Bayou Arcana
- First edition
- Author: Various male writers, various female artists
- Language: English
- Genre: Horror fiction, Southern Gothic
- Publisher: Markosia
- Publication date: 2012
- Publication place: United Kingdom
- Media type: Print (hardback & paperback)
- Pages: 128
- ISBN: 978-1-905692-75-0

= Bayou Arcana =

Graphic novel anthology

Bayou Arcana: Songs of Loss and Redemption is a graphic novel anthology of 11 stories created by a team of male writers and female artists, first published in 2012. It draws heavily on the United States' 'Southern Gothic' tradition of mysticism in both the storytelling themes and visual art. Much of the stories' content is also related to cultural issues of oppression and retribution in the context of the history of the Southern United States.

==Stories==
- The Tale of Ol' Mercy - story: Jimmy Pearson, art: Valia Kapadai (10 pages)
- Comfort and Joy - story: Darren Ellis, art: Davina Unwin (11 pages)
- Irons in the Fire - story: Corey Brotherson, art: Jennie Gyllblad (11 pages)
- True Reflections - story: Steve Tanner, art: Alex Thompson (10 pages)
- Tohopoka - story: Alexi Conman, art: Vicky Stonebridge (12 pages)
- Promises - story: Matt Gibbs, art: Sara Dunkerton (6 pages)
- Small World - story: Matthew Craig, art: Dani Abram (14 pages)
- Grinder Blues - story: Jimmy Pearson, art: Lynsey Hutchinson (11 pages)
- Swamp Pussy and the Hanged Man – story: Cy Dethan, art: Nic Wilkinson (12 pages)
- Six Bullets - story: Jimmy Pearson, art: Patricia Echavarri-Riego (12 pages)
- The 'Skeeter - story: Jimmy Pearson, art: Jenny Clements (12 pages)

==Themes==
Bayou Arcana is an attempt to increase gender equality in the comic industry.
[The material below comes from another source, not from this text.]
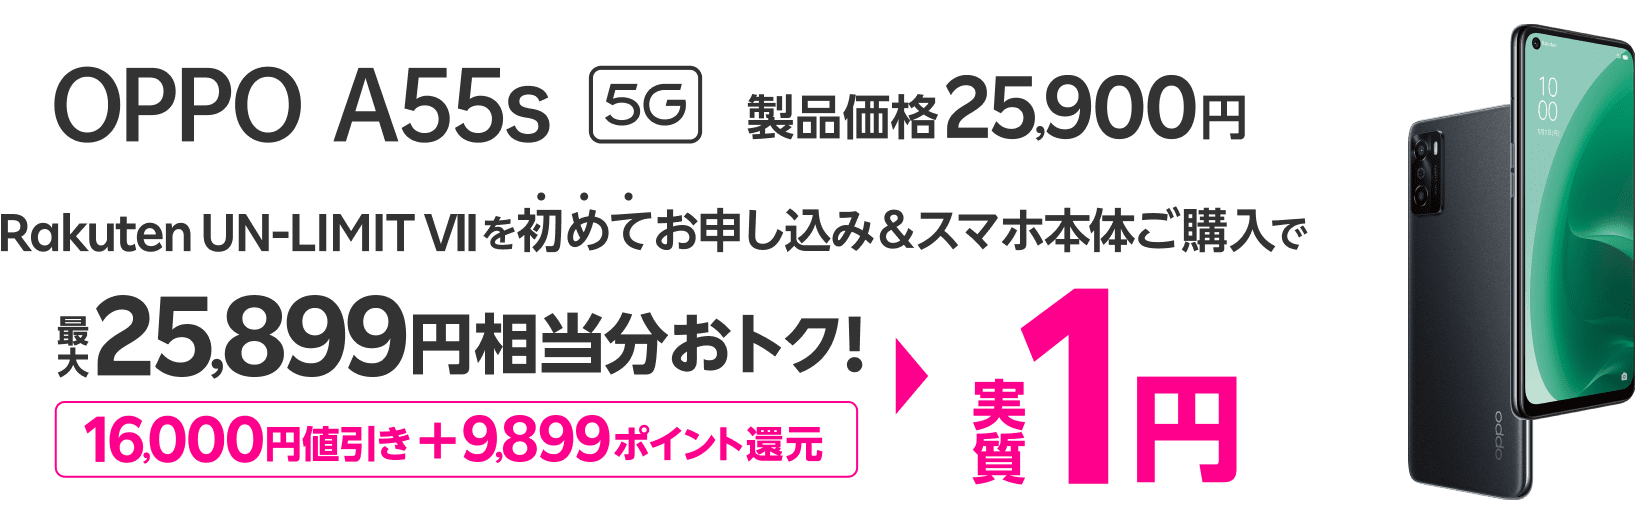 OPPO A55s 5G Rakuten UN-LIMIT VIIを初めてお申し込み＆スマホ本体ご購入で最大25,899円相当分おトク!

According to The Guardian "the anthology is the product an experiment that brings together an all-female team of artists with an all-male team of writers and it is an illustration of how a new generation of female artists and readers is radically changing the face of comics".

Five of the artists and three of the writers attended the Kapow 2012 comic convention as members of an interview panel which has been commented on by the press as another positive step for women in the comic industry.